Closed kmccurley closed 1 year ago
It occurs to me that I've created a bit of a mess in the way I have persisted data on disk, and I think the solution is to remove SQLAlchemy.
I started out using pydantic to define objects. This gives an easy way to serialize as JSON, and I was writing those to disk. Later I discovered in issue #12 that writing JSON to disk was not a good way to achieve persistence, so I switched to a database in which I stored the serialization of the pydantic Compilation object.

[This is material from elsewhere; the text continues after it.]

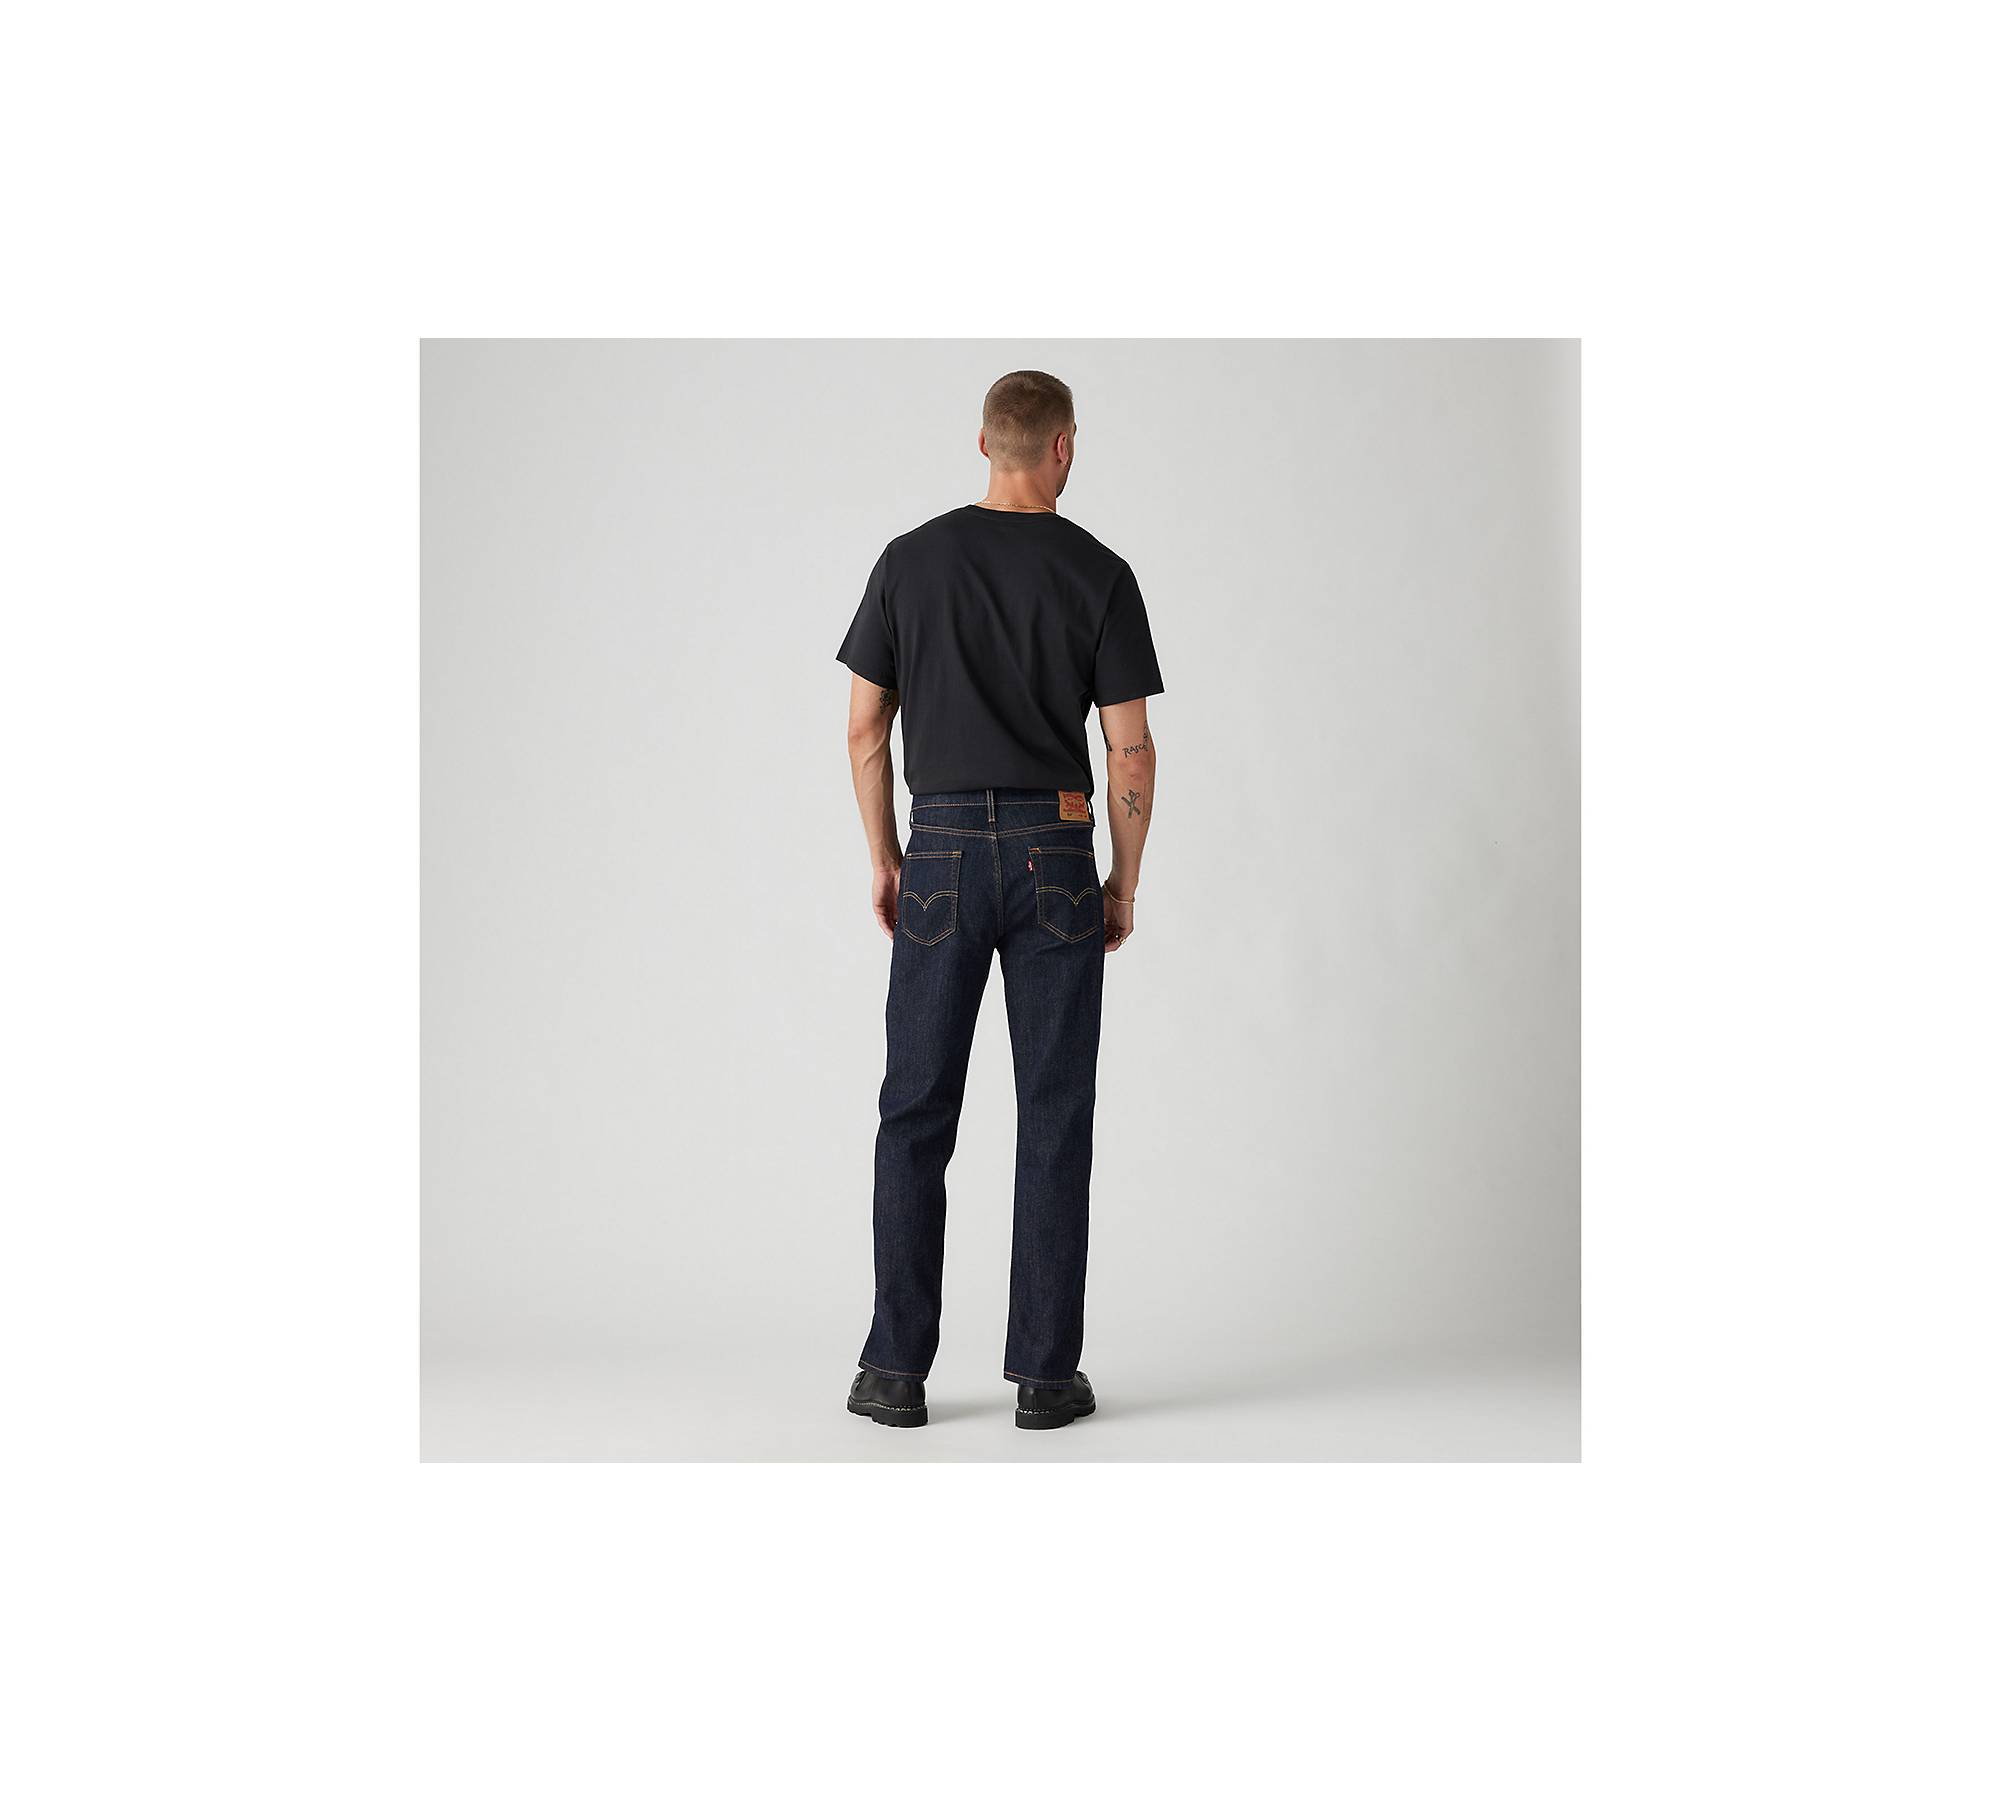 LEVI'S Men's 514 Straight Fit Advanced Stretch Jeans

This was an easy transition, but it now means we have a dependency on both pydantic and sqlalchemy. As an alternative we could have used the ORM model of SQLAlchemy to define the entire hierarchy of the Compilation object, but that's a gigantic commitment to SQLAlchemy.

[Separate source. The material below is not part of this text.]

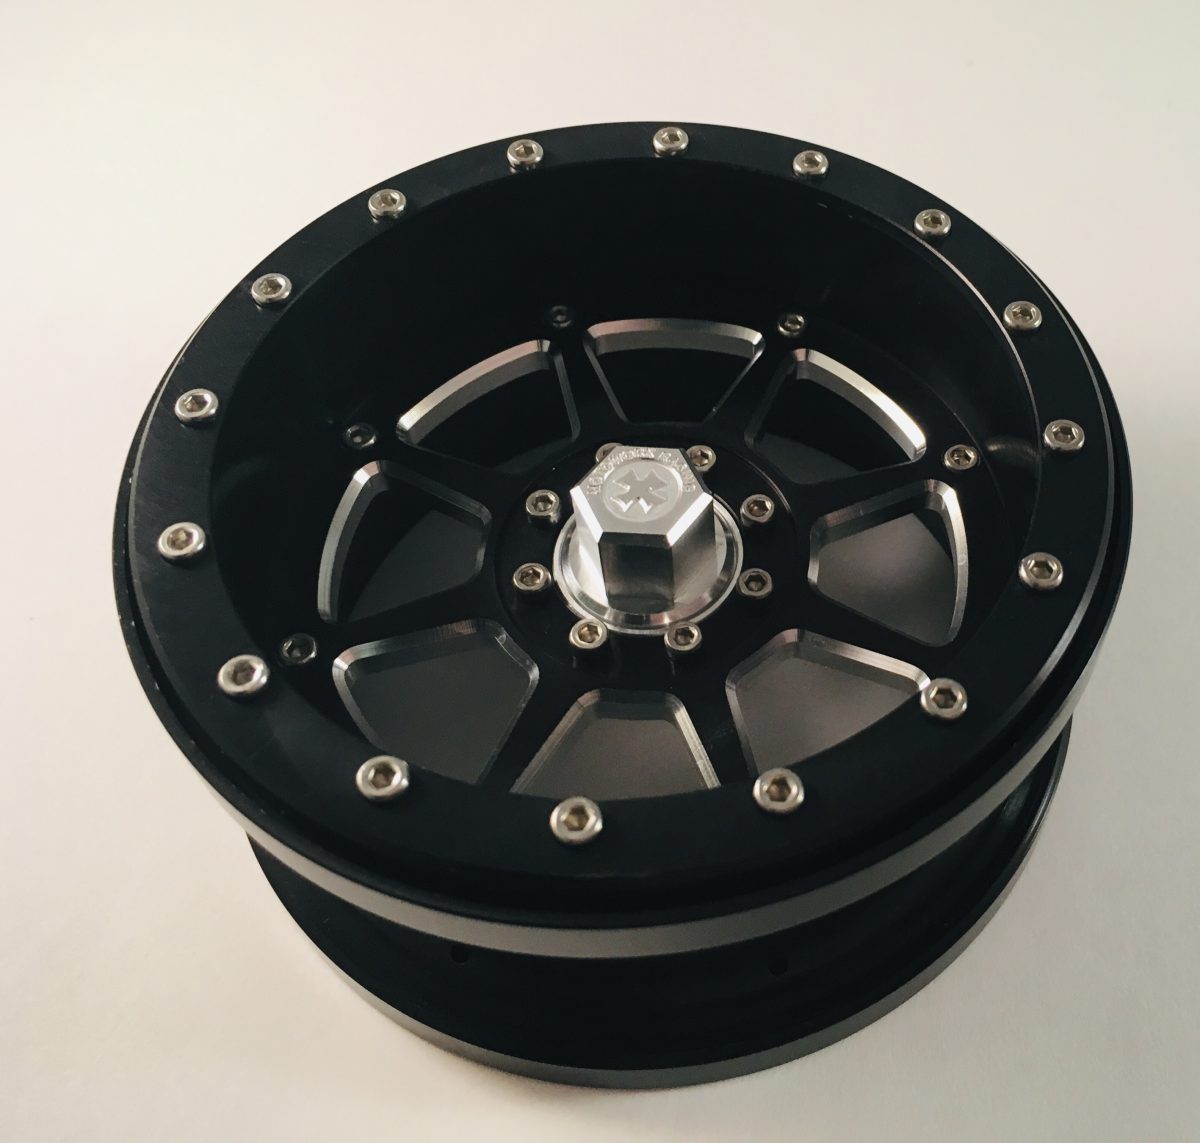 CNC Alloy 3.8 Inch Beadlock Wheels 8-Spoked 2pcs W/O Tire For RC Crawler  #1493

My feeling at this time is that SQLAlchemy is a cause of problems.
One reason to use SQLAlchemy is to use a pool of database connections, but my feeling is that the traffic is so low that we will never experience a problem with creating a new connection for each request (this is how eprint was written).
At this point I lean toward ripping out SQLAlchemy. The original use was for flask-login to have a User class, but that part is easy to code up without SQLAlchemy.
After spending a couple of days reading about SQLAlchemy, I came to the conclusion was that I used the flask-sqlalchemy
package instead of just SQLAlchemy. One of the consequences is that models are defined in nonstandard syntax (by sqlalchemy standards anyway), and flask-sqlalchemy
depends on version 1.4 of SQLAlchemy. The most recent version of SQLAlchemy is 2.0, and this is a fairly major change in the APIs.
The only thing that we used from flask-sqlalchemy
was cleanup of sessions after each request, but it turns out that there is an easy alternative in SQLAlchemy itself, namely scoped_session
. This is built using connection pools, and the only thing we have to do is make sure to release the session at the end of each request.
For now I think the solution is to remove flask-sqlalchemy
as suggested here and upgrade to sqlalchemy 2.0. This preserves our ability to write simple ORM queries. The foreign key cascade problem seems to have a different solution, namely to use ondelete='CASCADE'
in ForeignKey
definitions, and use cursor.execute('PRAGMA foreign_keys=ON')
in the rare case when we are deleting a PaperStatus
.
One problem that this solves for us over the approach used in IACR/eprint
is that tests can make use of sqlite, even if the production system eventually shifts to postgres or mysql or mariadb.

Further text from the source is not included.